Le 31 mai dernier Léo Bricault, un des dirigeants fondateurs du journal de St-Michel s’est vu remettre L’ordre des Hebdos du Québec pour sa longue carrière dans la presse hebdomadaire et son implication exceptionnelle et soutenue au sein de la communauté.
Léo Bricault reçoit la distinction L’ordre des hebdos du Québec
Une vie au service des Michelois
Les habitués du conseil d’arrondissement le connaissent bien. La plupart des habitants de St-Michel aussi, d’ailleurs; en fait, rare sont les Michelois pour qui le nom de Léo Bricault ne dit rien. Depuis le temps qu’il est impliqué dans la communauté, le membre fondateur du journal de St-Michel est devenu un des piliers de ce quartier qu’il a grandement contribué à transformer, non sans devoir se battre.
45 ans d’implication
À travers le journal de St-Michel, où il travaillait à titre d’éditeur à sa fondation en 1962, Léo Bricault s’est donné pour mission de servir l’intérêt des citoyens du quartier et de les aider à améliorer leur qualité de vie. «Dès le départ, ma vision du journal était que ça devait être un journal pour la communauté, souligne M. Bricault. C’est pour ça que dès le départ je me suis impliqué dans la chambre de commerce de St-Michel entre autres choses.» Aujourd’hui âgé de 82 ans, son engagement n’a pas faibli. Présent à tous les conseils d’arrondissement et, récemment, aux consultations publiques sur le projet de centre commercial dans la carrière St-Michel, il continue de revendiquer le droit des citoyens de participer au développement de leur quartier. Bien qu’il n’en soit plus propriétaire depuis 2001, il continue par ailleurs à collaborer au journal de St-Michel à titre de chroniqueur.

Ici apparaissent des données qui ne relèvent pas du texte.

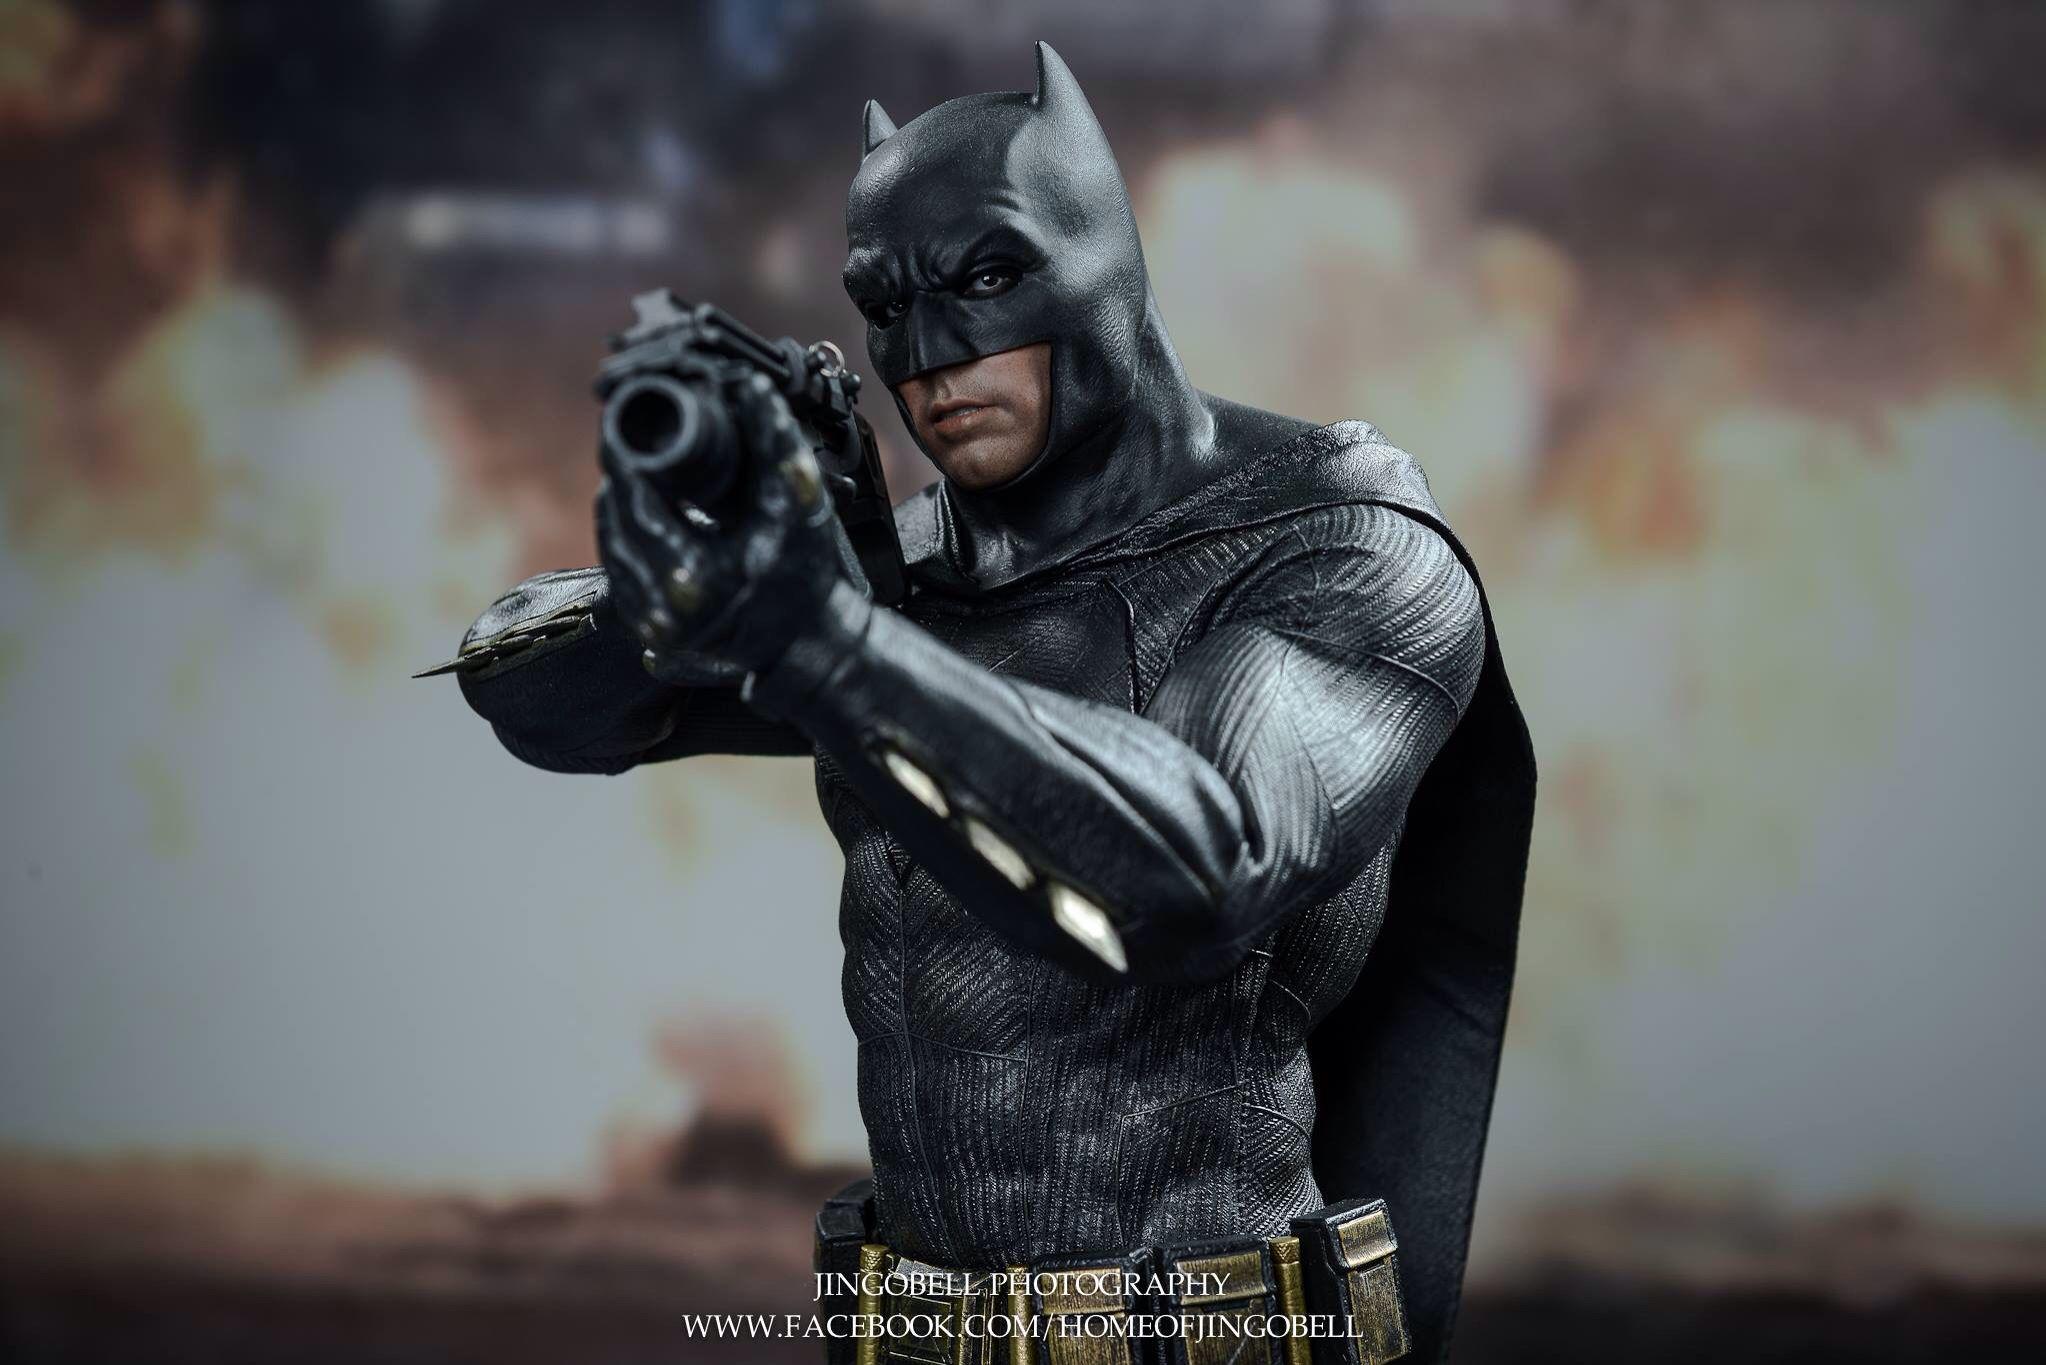 The Bat of Gotham is here!  The Batman v Superman: Dawn of Justice 1/6th scale Batman collectible figure's final product has arrived.  #Batman #Superman #BatmanVSuperman #DawnOfJustice

Sa longue carrière dans la presse hebdomadaire et son implication citoyenne n’auront pas seulement été remarquées dans St-Michel. Le 31 mai dernier, à l’occasion du Congrès d’Hebdos Québec, le parcours du combattant a été récompensé d’une distinction honorifique importante. M. Bricault a été admis à l’Ordre des hebdos du Québec.
«Ça m’a ébranlé, je ne m’attendais pas à ça», dit-il en réprimant une certaine fierté, pourtant entièrement justifiée.
Le parcours du combattant
Peu le savent mais c’est en grande partie grâce à lui si l’accès aux arénas est encore aujourd’hui gratuit à St-Michel, une situation exceptionnelle dans toute l’île de Montréal. Et si le terrain qui accueille aujourd’hui le complexe de la TOHU, autrefois un parc, ne fait pas aujourd’hui partie du trou de la carrière Miron, c’est aussi grâce à l’implication de M. Bricault dans le dossier.
Dans ces deux cas comme dans plusieurs autres, depuis l’annexion de St-Michel en 1968, Léo Bricault est parti en croisade à maintes reprises contre la Ville de Montréal, quand il jugeait que les droits des Michelois étaient bafoués. «St-Michel est un quartier défavorisé et après l’annexion en 1968, beaucoup de gens et beaucoup de commerçants sont partis. Il ne restait plus que le journal pour défendre les gens de St-Michel», se souvient-il.
Quartier défavorisé au développement urbain chaotique, l’implication des citoyens et des organismes communautaires joue depuis longtemps un rôle important dans le développement de St-Michel. Au fil des nombreuses batailles, de nombreuses initiatives ont pu converger, aboutissant notamment à la création de la table de concertation Vivre St-Michel en Santé et de son chantier de revitalisation urbaine et sociale. «Ça fait 45 ans qu’on essaye d’améliorer la qualité de vie dans le quartier, insiste Léo Bricault. Avec le chantier de revitalisation, on a maintenant peut-être une bonne chance, mais rien n’est jamais gagné.»